LOOK: This Soft Robot With Kirigami Skin Slithers Like A Snake


Science innovations often take notes from nature's designs, but this time, a team of innovators took their cues from both nature and art. The team has designed a snake-inspired soft robot that can move with relative ease across different surfaces thanks to its kirigami skin.

Inspired By Nature

A research team from Harvard University's John A. Paulson School of Engineering and Applied Sciences has created a soft robot made of deformable materials. It has a variety of innovative implications, but its movements are quite limited, as it can only move back and forth. This is because the robot does not have the directional friction needed to propel it forward.

Taking a cue from nature, the team was inspired by snake movement, in that the creatures could crawl on different surfaces with ease because of the design and positioning of their scales. With this in mind, they took their inspiration to the next level by incorporating kirigami, which is a form of art that is similar to origami but involves cutting paper.

Crawling Robots

Researchers then created a pack of crawling soft robots by wrapping their air-powered soft robot with the kirigami snake skins with different shapes. Interestingly, the shape of the scales determined the speed of the robot wherein the trapezoidal pattern gave the robot a longer stride compared to the triangular, linear, and circular scales.

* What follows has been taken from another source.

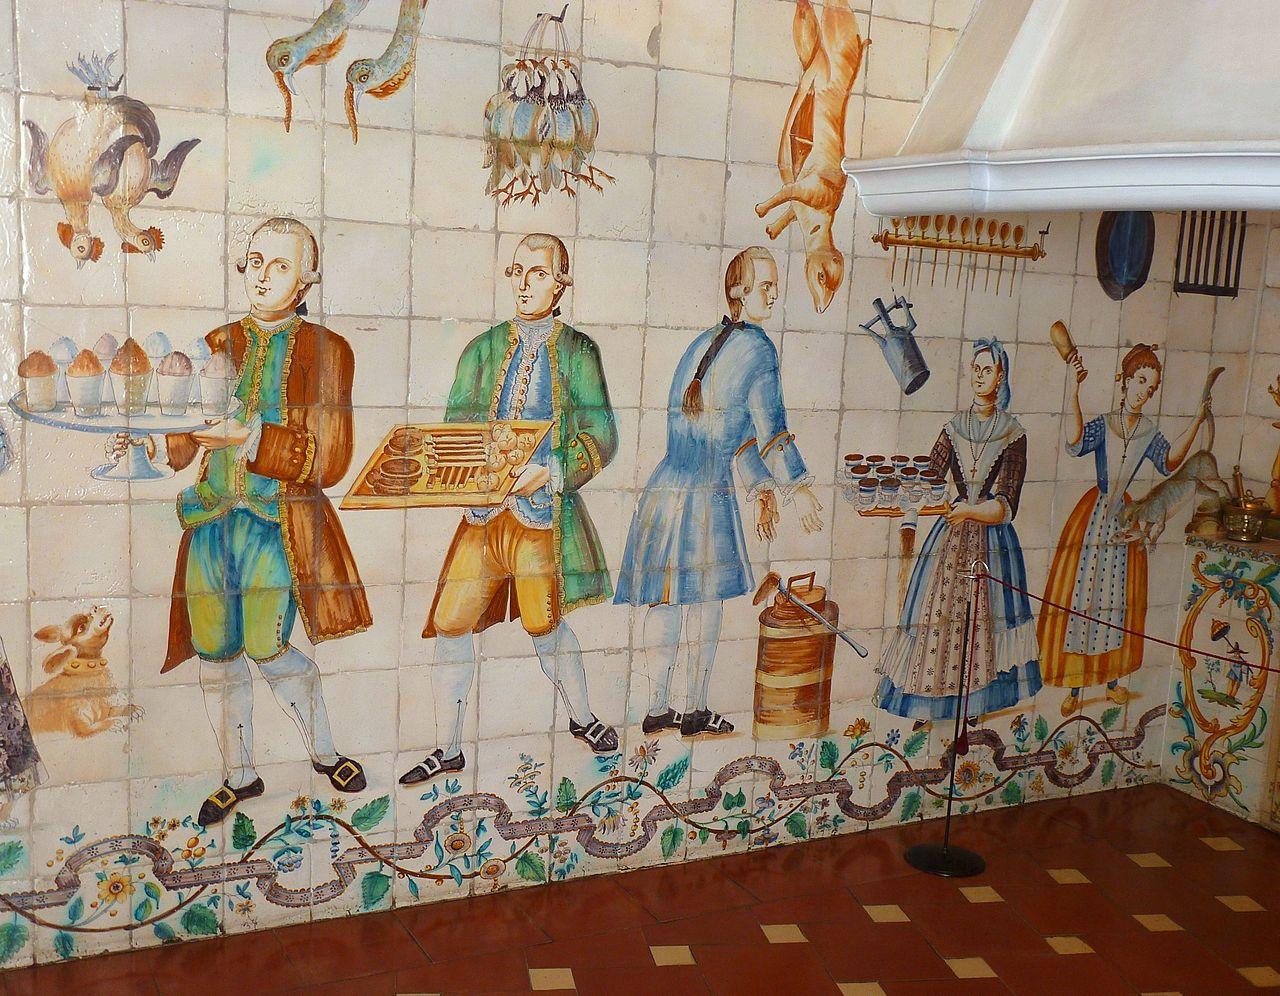 Museos en madrid principales museos para visitar en madrid - Fotos decorativas ...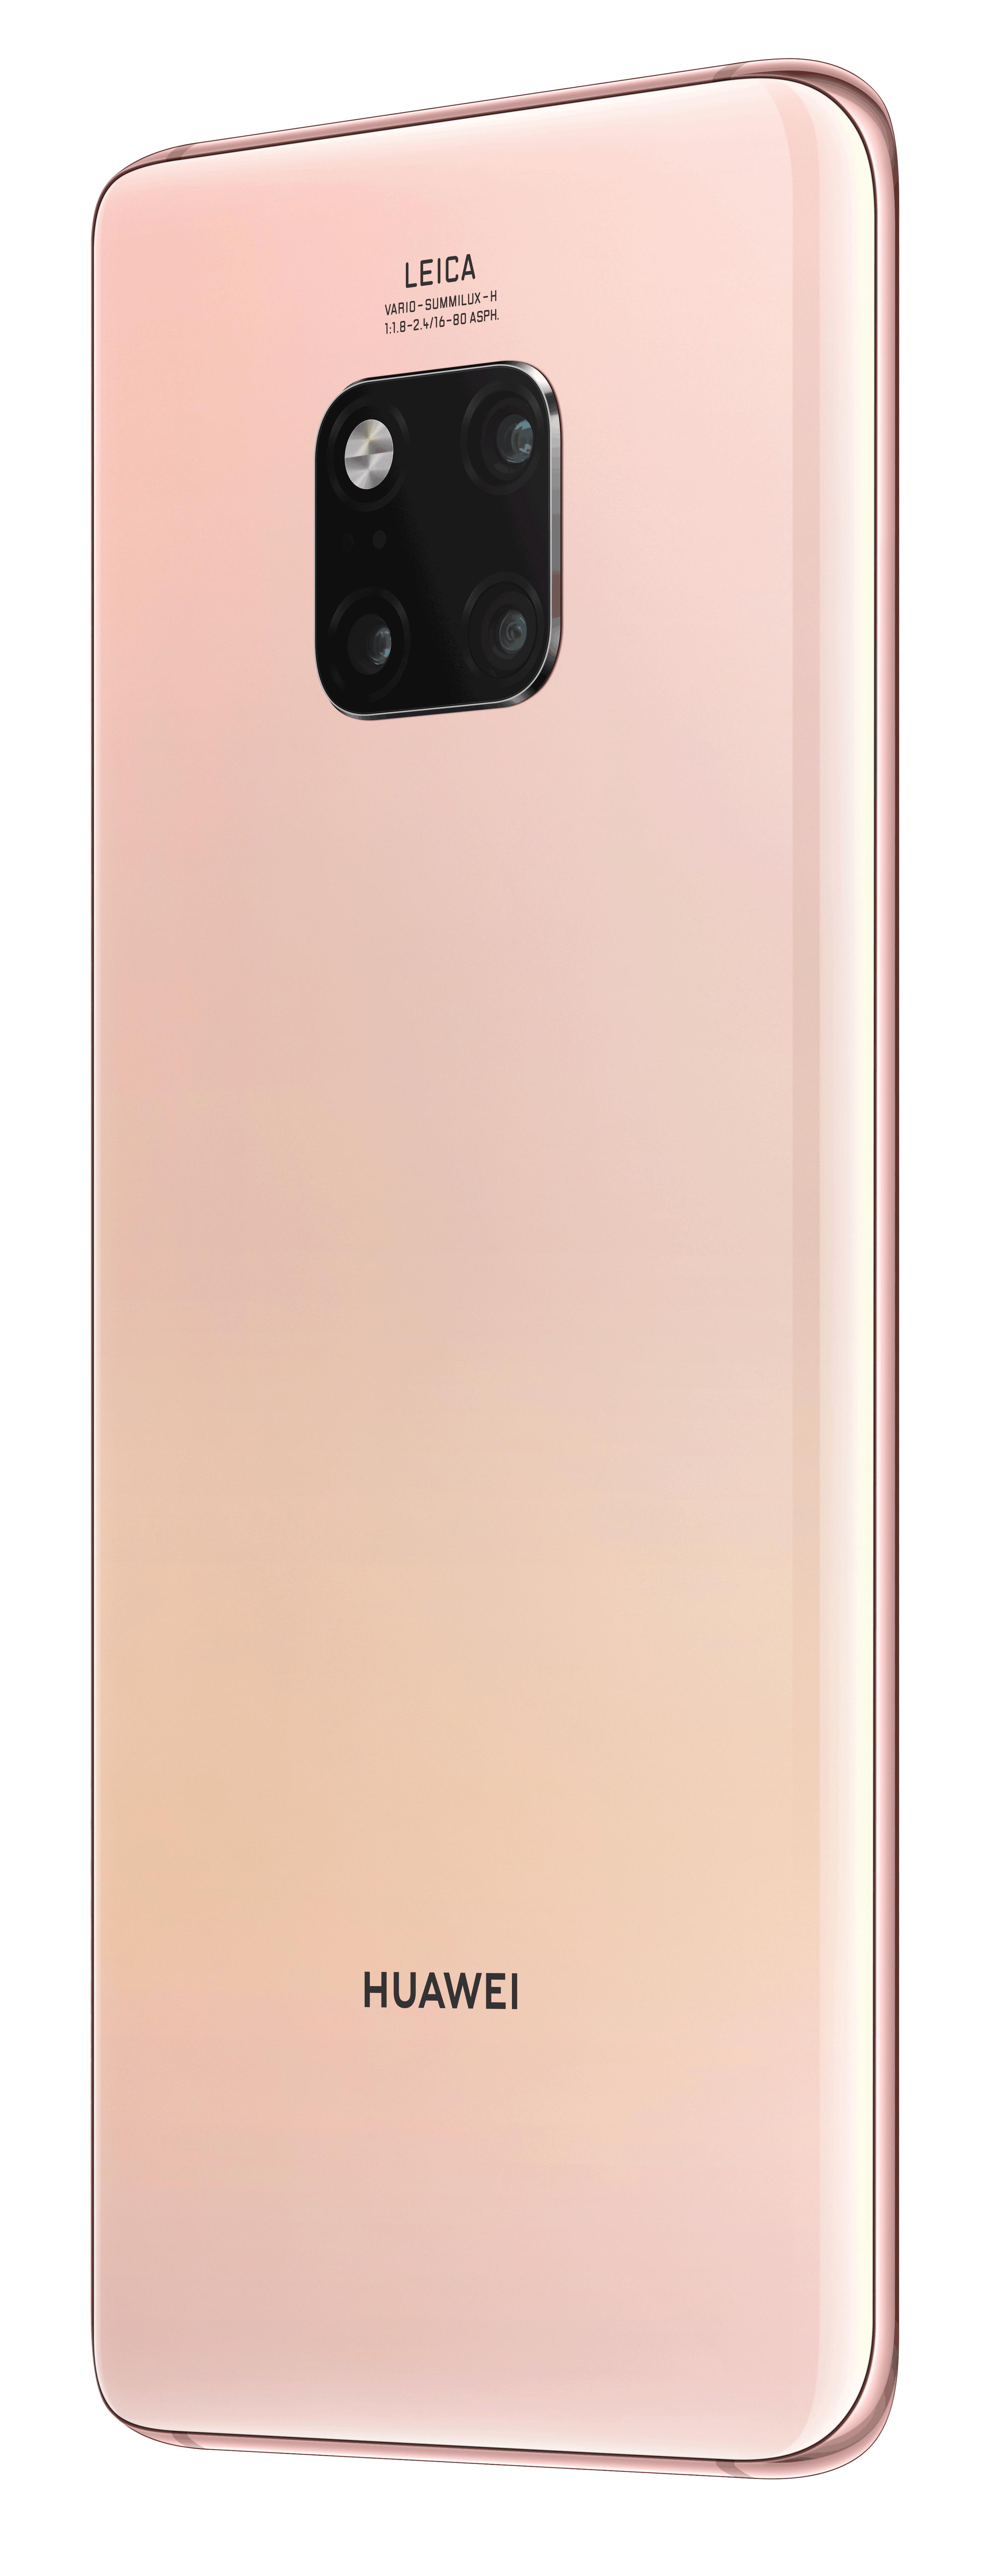 Case Skin for the Official Raspberry Pi Case Matt Pink

Initially, the soft robots moved with the help of stationary air sources connected to them via a flexible tube. This allowed the robots to expand and deflate and, with the help of its scales, move forward as long as it is attached to the air source. However, as real-world applications of the technology will likely require an untethered design, the researchers have also built a fully untethered robot with small lightweight components that can be attached to the tail of the robot without limiting its movements.

Practical Uses

Apart from being amusing to look at, the nature-inspired robots actually have practical implications in different fields such as in exploration and medicine.

"These all-terrain soft robots could one day travel across difficult environments for exploration, inspection, monitoring and search and rescue missions or perform complex, laparoscopic medical procedures," said Katia Bertoldi, senior author of the paper.

The study is published in the journal Science Robotics.